USS Gato SS-212 1941 1/700 Hobbyboss


  





Sub History
The first ship to bear the name, was designed and built by the Electric Boat Company of Groton, Connecticut. She was the first ship of her class and the prototype for the major portion of the submarines constructed by the United States for service in World War II. Gato was christened on 21 August 1941 by Mrs. Royal E. Ingersoll, wife of then Rear Admiral Royal Ingersoll who was Assistant Chief of Naval Operations. GATO commissioned in Groton on 31 December 1941 and shortly thereafter left for service with the Pacific Fleet.



Wartime Service
From April 1942 until June 1943 GATO saw continuous service in the Pacific Theater. During this period she conducted five war patrols ranging from the Kuriles and Aleutian Islands in the Northern Pacific, duty in the screening force during the Battle of Midway in the Central Pacific, and finally to patrols around Truk and the Solomon Islands in the Southwest Pacific. During these later patrols, GATO supported Australian coast watchers and intelligence services, making several landings to deliver supplies and personnel to isolated posts in the rear of Japanese-held areas. On one of these operations, in addition to Commandos, GATO evacuated twenty-seven children, nine mothers, and three nuns from a mission on Bouganville.

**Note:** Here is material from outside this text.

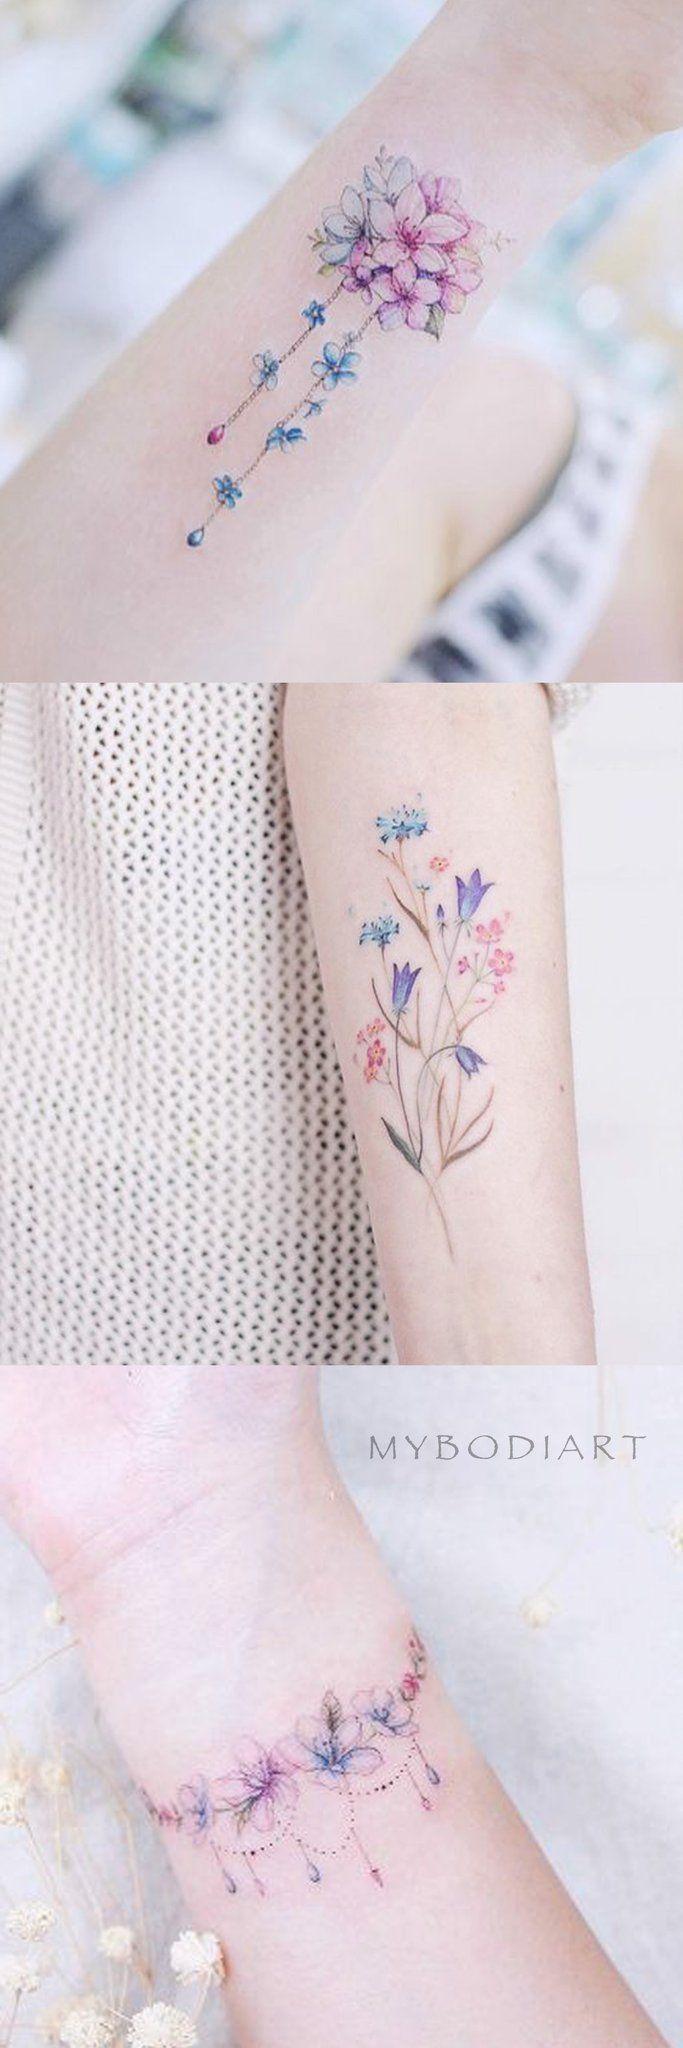 100 Trend Aquarell Blume Tattoo-Ideen für Frauen #Tattoos – Diy tattoo images

During this same period GATO conducted reconnaissance of many Japanese-held atolls, including Tarawa and Makin, later to become famous as the site of the first amphibious assault over enemy held beaches. During these operations GATO sunk five enemy ships totalling 41,000 tons.


Following an overhaul in Mare Island Naval Shipyard GATO returned to the Southwest Pacific where she conducted three more war patrols in 1943 and 1944. On her seventh patrol GATO took a prisoner of war from a life raft off the Admiralty Islands. Two weeks later, after sinking the cargo ship TSUNESHIMA MARU, the GATO was subjected to a severe depth charging by several escort vessles. Following the depth charge attack, GATO surfaced and found an unexploded depth charge lodged in the rudder. With the help of the Japanese prisoner, the ship's Gunnery Officer dislodged the charge and lashed it to a rubber raft which was set adrift with a slow leak.


On February 5, 1944 USS Gato surfaced in Open Bay near the village of Maitanakunai, and dropped them at Finschafen. The group included: Gordon Manuel, Owen Giertsen, Carl Planck and Edward Czarnecki. A second group is also rescued consisting of William Townsend, David McClymont and Fred Hargesheimer


Gato's vigilance in patroling the north entrance to Bouganville Sound and her aggressive attacks during her Fourth through Eighth Patrols in the Solomons, Bismarck Sea, New Guinea and Truk areas earned for her a Presidential Unit Citation and the nickname "The Goalkeeper" from Admiral William F. Halsey, the area commander. During these patrols GATO was credited with destruction of 13 enemy ships totalling 69,400 tons. One of those vessels, the 3,781-ton OKINOYA MARU was destroyed during a daring daylight attack in which GATO used only her deck guns to sink the armed enemy vessel.


In May 1944 GATO was transferred to the Central Pacific Theater. Her ninth and tenth patrols were primarily reconnaisance and lifeguard missions in the vicinity first of Truk and later in the Bonin Islands. Upon completion of her tenth patrol GATO returned to Mare Island Shipyard for overhaul.


The last three war patrols of GATO were made in the Western Pacific during 1945. Departing from Pearl Harbor in January 1945, she conducted her eleventh patrol in the Yellow Sea sinking two ships including one destroyer escort. Her twelfth and thirteenth patrols were conducted off the coast of Japan as a lifeguard in support of air operations over those islands. During this duty ten U.S. Army avaitors were rescued from the waters of the Pacific. At the end of her thirteenth patrol GATO anchored in Tokyo Bay to witness the signing of the documents aboard USS MISSOURI which marked the end of World War II.


Following the war, GATO served as a Naval Reserve Training Ship at New York, New York and Baltimore, Maryland. She was stricken from the lists, sold and broken up in 1961.

GATO earned thirteen Battle Stars and five Presidential Unit Citations. She participated in the Midway Operations, the Capture and Defense of Guadalcanal, the Asiatic-Pacific Raids of 1944, the Marjanas Operation, the Western Caroline Islands Operation, the Iwo Jimo Operation, the Okinawa-Gunto Assault and Occupation, and the Third Fleet Operations Against Japan.